I see you've gotten zero responses so far...

Use You Ears! That's what they are there for - stuck there, right at the side of your head...

That's the cynical, patronizing, despairing Zimmer answer. Sorry.

I realize very few people have the chance to learn through the experience of assisting in a studio or with a professional musician anymore, which bombards you with sound and knowledge like nothing else ever will. So learning about signal-flow, summing, good standards and practices to not compromise the amount of bits your sampler has left before it starts sounding like shit - all that is a lot harder to grasp, if your only source is a forum like this. Yes, you could sign up for one of those over-prized schools for DAW lessons, but ultimately, you might as well just go back to my opening sentence: Use Your Ears! (They can be quite effective in combination with an analytical brain) - If you like what you hear, its right. If you don't like what you hear, practice harder!


----------



## marclawsonmusic (Jun 7, 2014)

Hi Peter,

To keep things simple, load up a patch and just leave the volumes as-is. Then, hold a note and move the mod wheel up and down.

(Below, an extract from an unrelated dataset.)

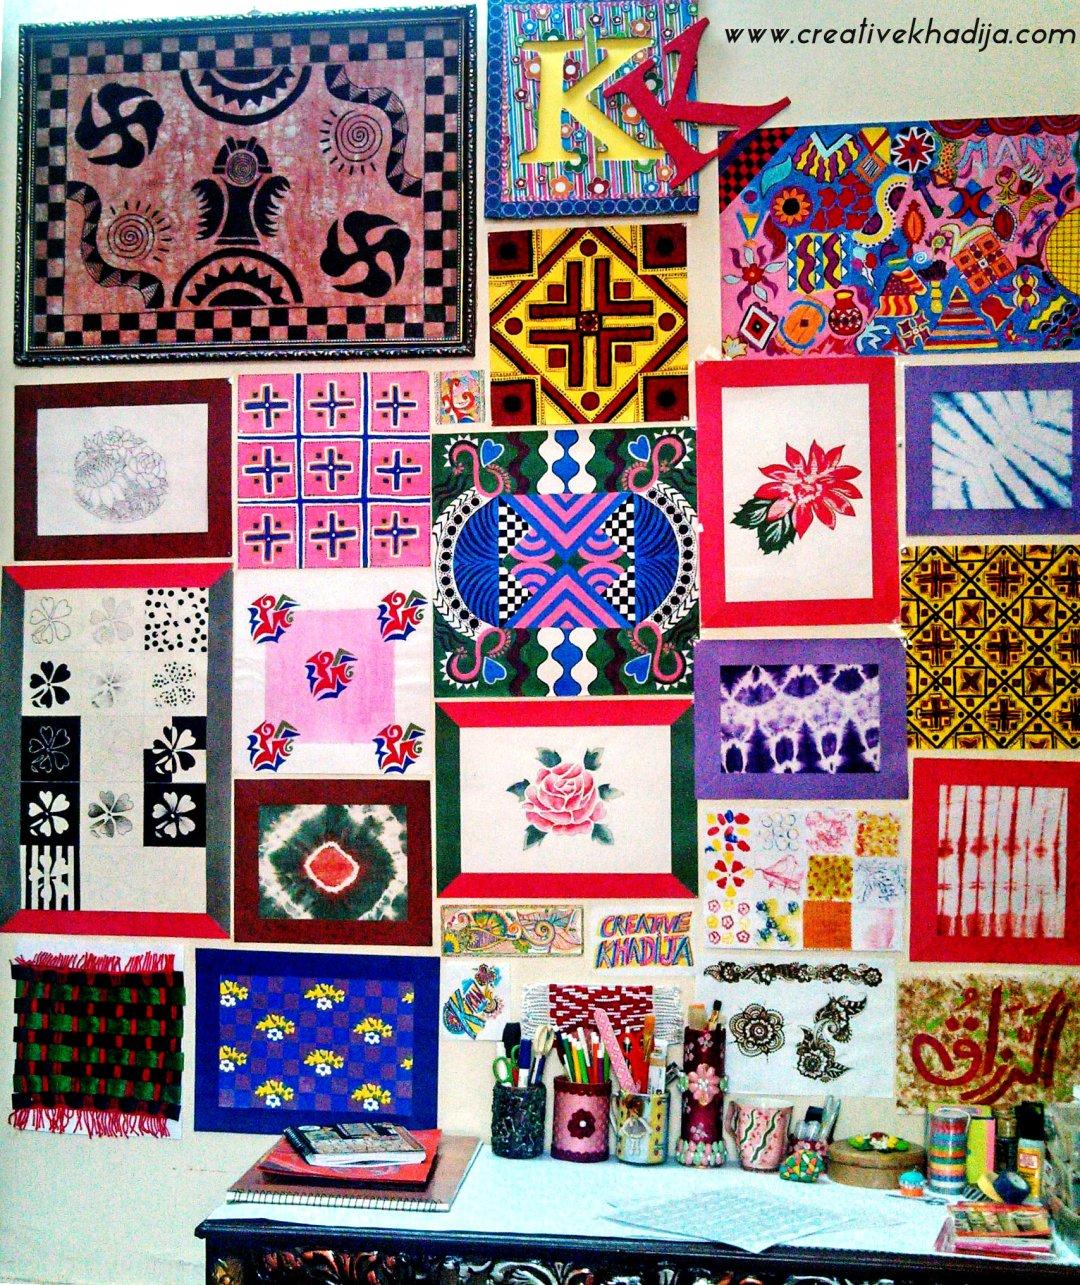 creativekhadija craftroom craft space area-

Most modern libraries use the mod wheel to "crossfade" between samples of varying dynamics. So, as you move the mod wheel higher, the instrument will not only get louder, but its timbre will also change.

You will notice this with brass instruments in particular... they get "brassier" (crunchier) at louder dynamics. Try it with a trombone... it should sound nice and mellow with the mod wheel down and then loud and gnarly when you move it up to the top.

So, mod wheel might be a better way to establish dynamics - e.g. pp: 0-20, f=80-100, etc.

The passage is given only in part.